A recent USGS-led study shows new, recently-formed patches of permafrost in one of Alaska’s retreating lakes, a finding that, at first glance, would seem at odds with prevailing theories about arctic climate.
Widespread lake shrinkage in discontinuous regions of permafrost has been linked to climate warming and shallow permafrost thaw. Counter-intuitively, USGS scientists have observed newly forming permafrost around Twelvemile Lake in interior Alaska, where lake water level has dropped by several meters over the past three decades.
“Central Alaskan lake shrinkage may be caused by shallow permafrost changes and not by increasing deep aquifer connections,” said Martin A. Briggs, USGS, lead author of the study. “Newly formed permafrost along the shores of shrinking lakes may reduce groundwater outflow and allow them to refill.”
Permafrost, or frozen ground lasting at least two consecutive years, typically forms in colder climates when average annual temperatures remain close to or below freezing. Permafrost soils accumulate ice and plant material and can impede groundwater flow. While the upper 1-2 meters may thaw seasonally, frozen soil and dead plant material continues to accumulate at depth over thousands of years, depending on the strength and duration of the colder climate.

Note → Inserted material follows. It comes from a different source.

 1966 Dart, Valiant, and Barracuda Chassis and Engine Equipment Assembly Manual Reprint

During periods of thaw, water and gases are released from their frozen pockets of ice. By understanding permafrost thaw, its degradation in a warming climate, and its impacts on ecosystems and society, managers will be able to plan for rising global temperatures, and climate change. New permafrost formation should also be considered as a possibility in some systems.

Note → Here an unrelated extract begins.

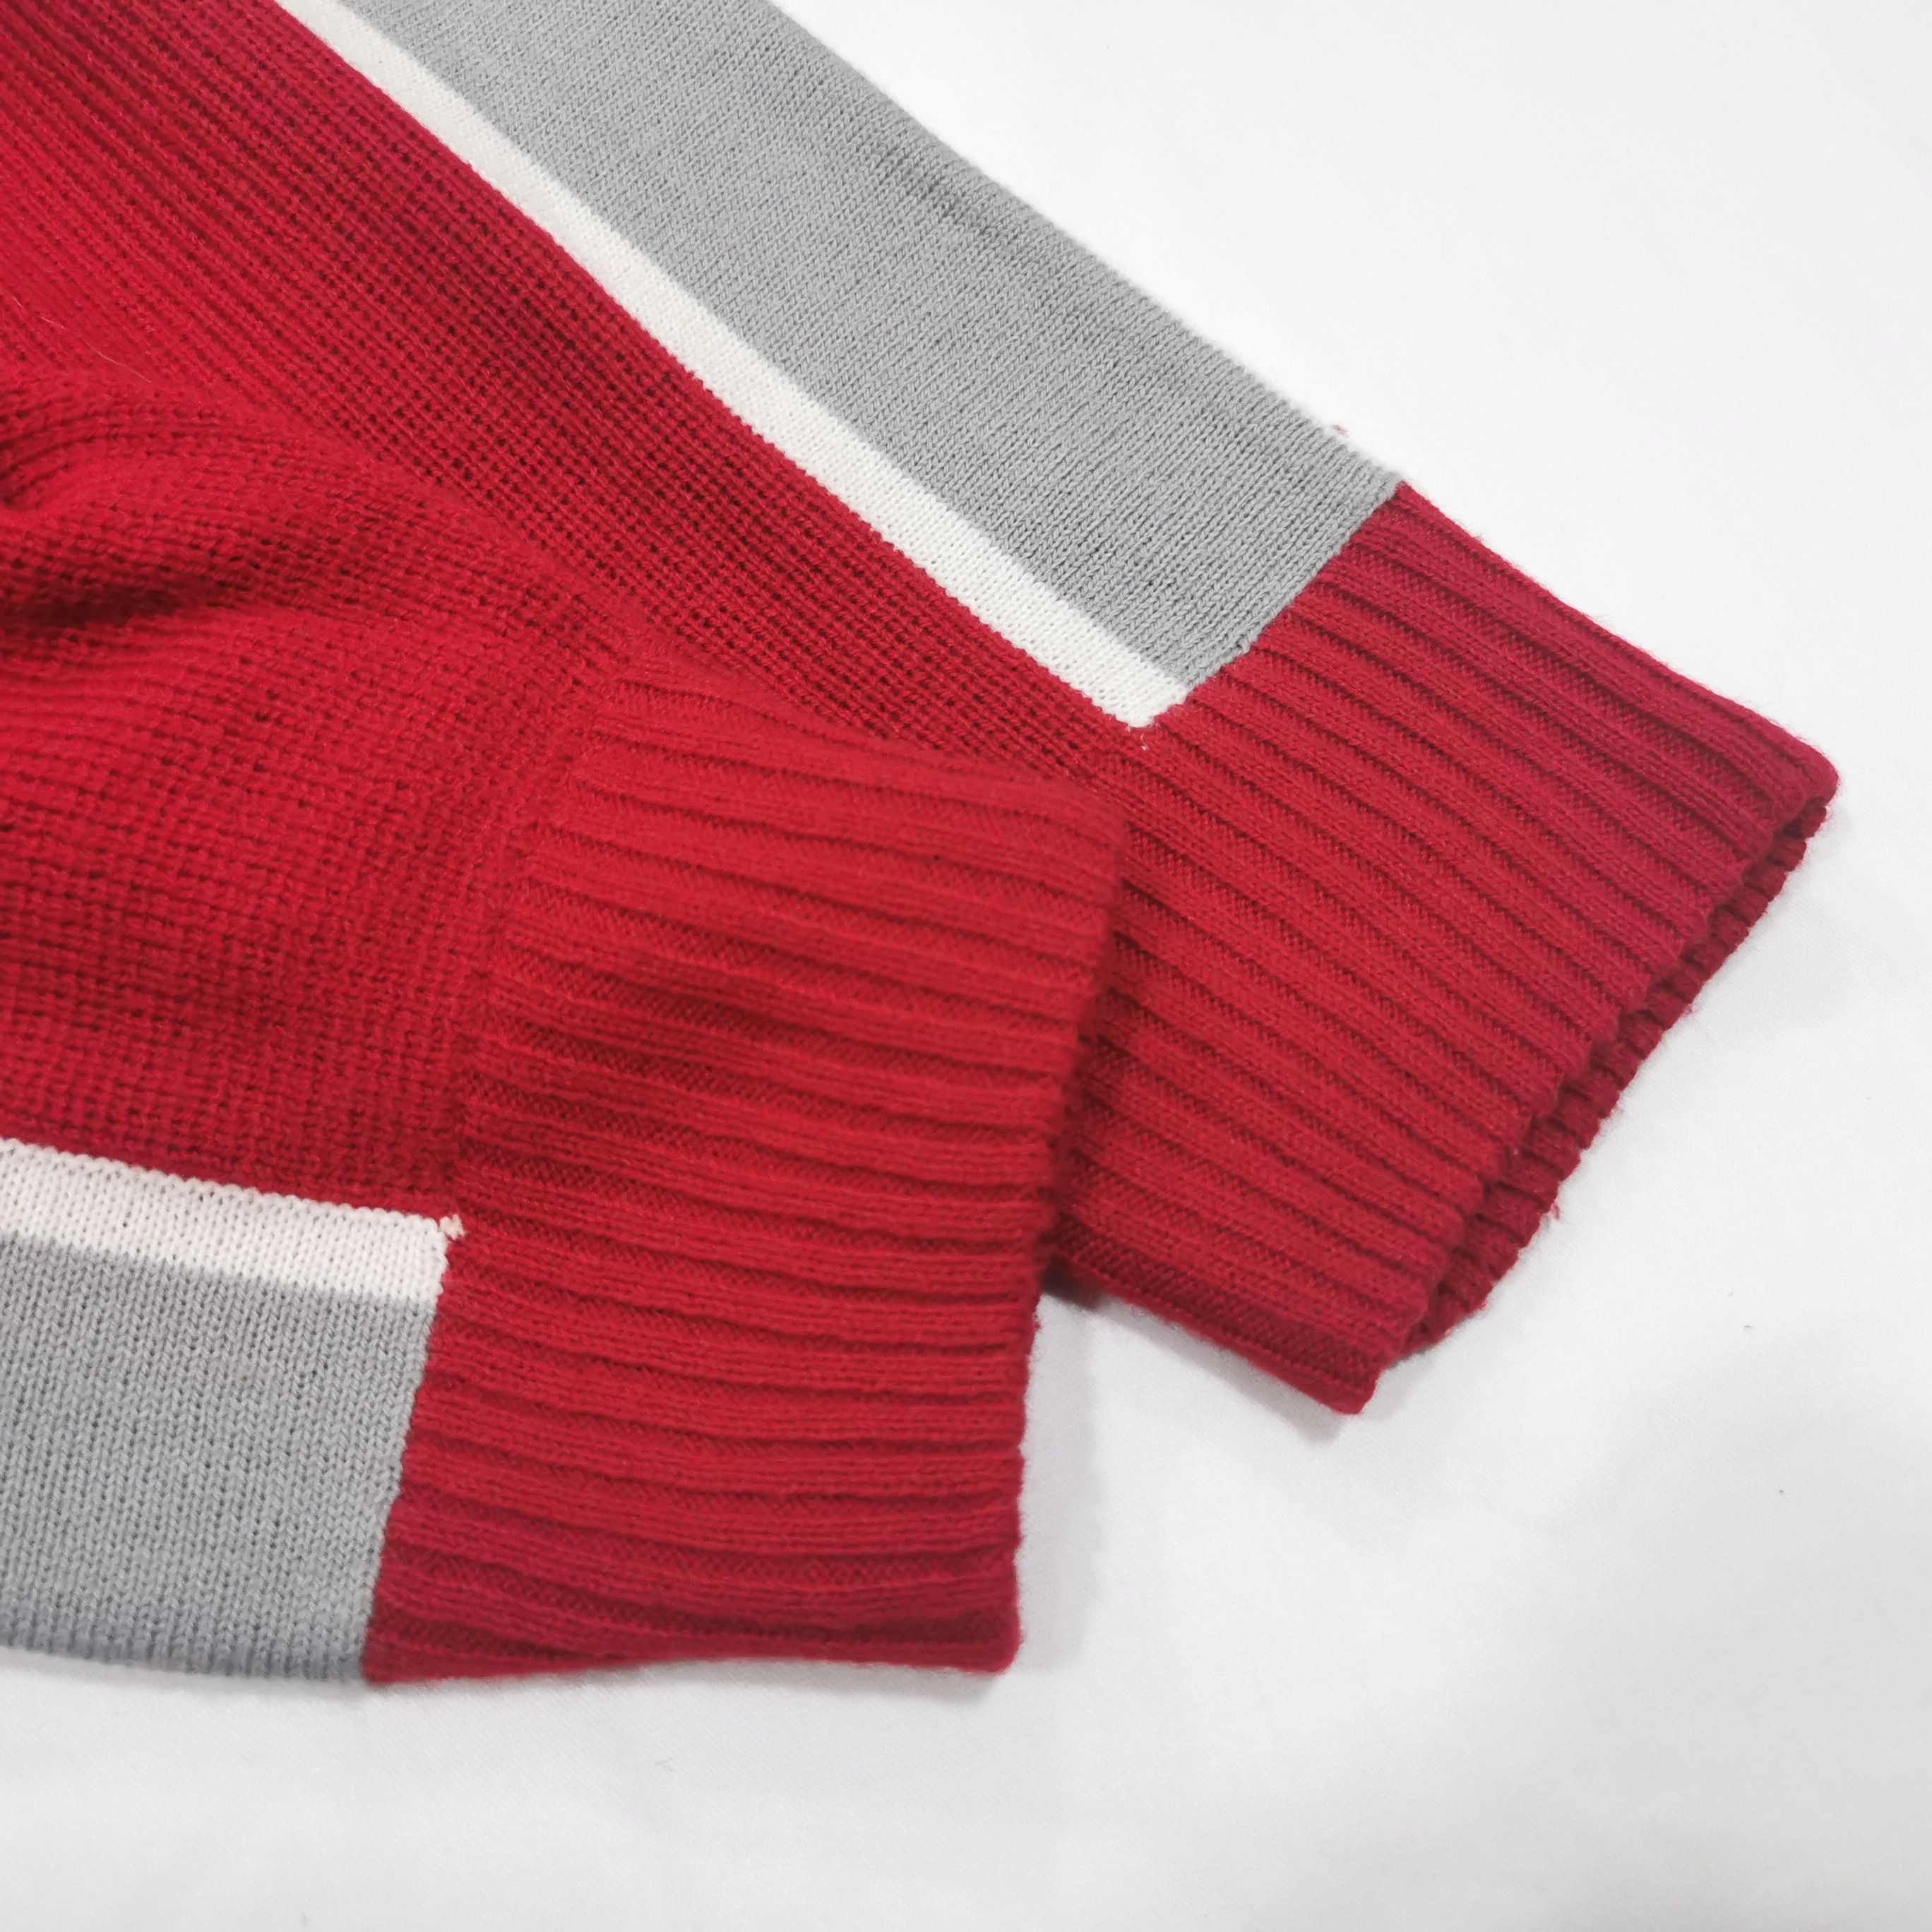 Vintage Vision Street Wear Knitted Sweaters - 9

This study considered ecological succession, the pattern of vegetation regrowth, within the receded lake margin as the driver of new permafrost through alterations in ground shading and water infiltration. This hypothesis was tested by modeling variably saturated groundwater flow and heat transport under freeze-thaw conditions.
The simulations supported new permafrost development under current climatic conditions, when the net changes effects of woody vegetation are considered, thus pointing to the role of ecological succession.

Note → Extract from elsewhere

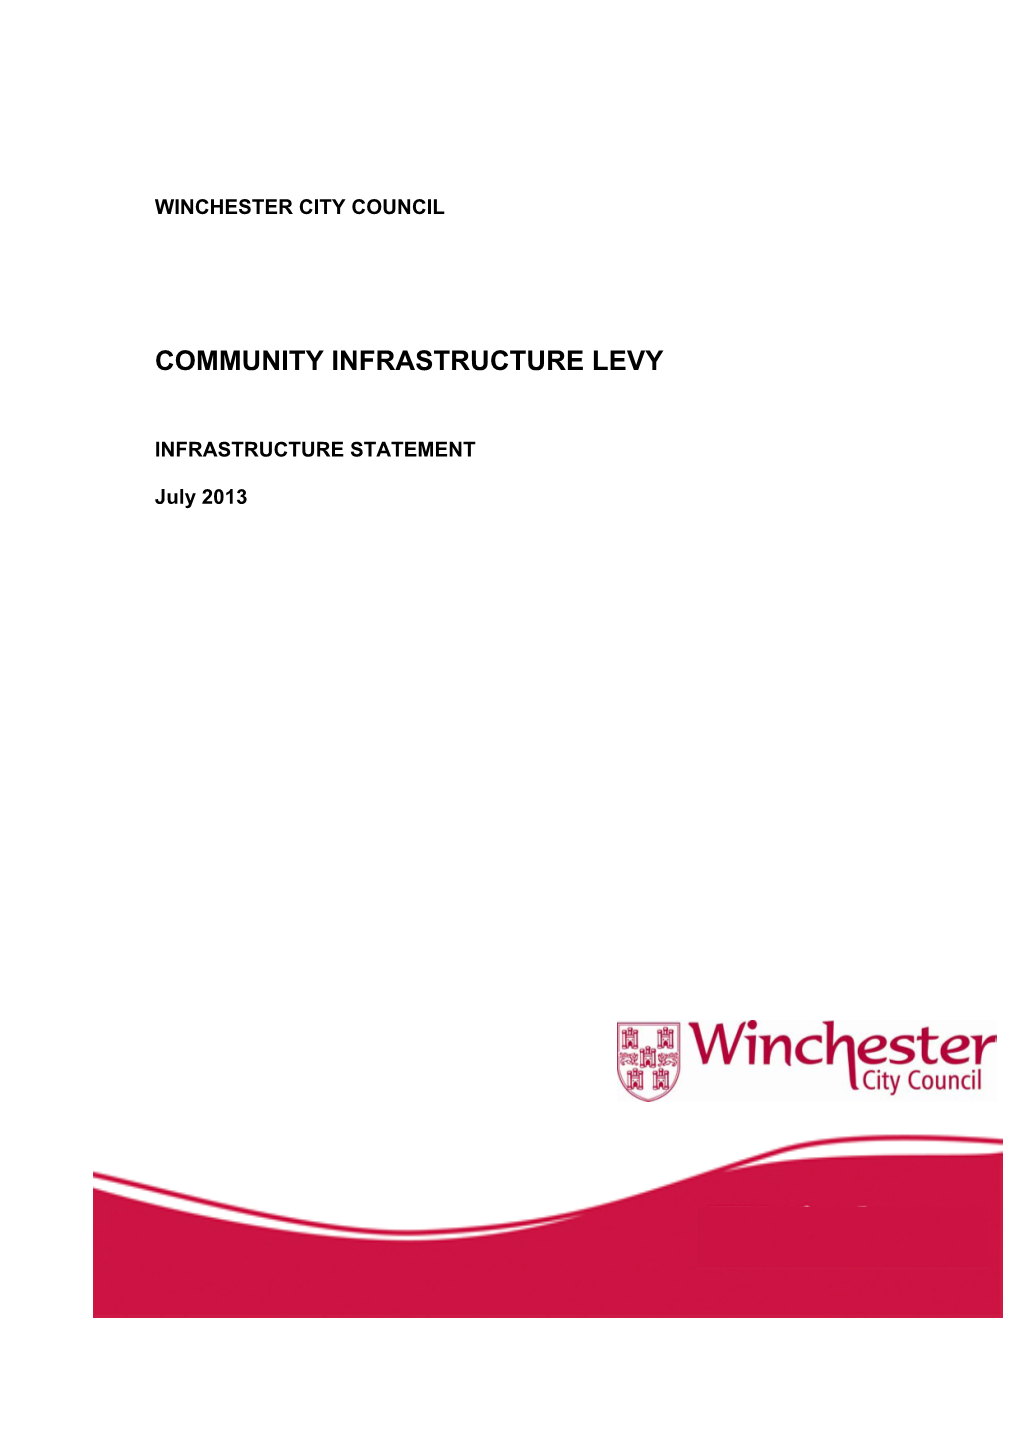 Community Infrastructure Levy

“Large lake level swings due to shallow permafrost thaw and subsequent refreezing due to ecological succession may be an important natural cycle,” said Briggs. “However, in the long term, model simulations projected into the future to reflect even moderate climate warming indicate new permafrost around similar lake sites will stop forming and recede within seven decades, possibly ending the current natural cycle of lake level waning and waxing.”
In summary, the findings in this study highlight the importance of vegetation succession in promoting permafrost regeneration in a lake system near the Arctic Circle, which is highly sensitive to subtle soil temperature changes.
This study was conducted by team of scientists from the U.S. Geological Survey and McGill University in Montreal, Canada, and was published in the journal of Geophysical Research Letters.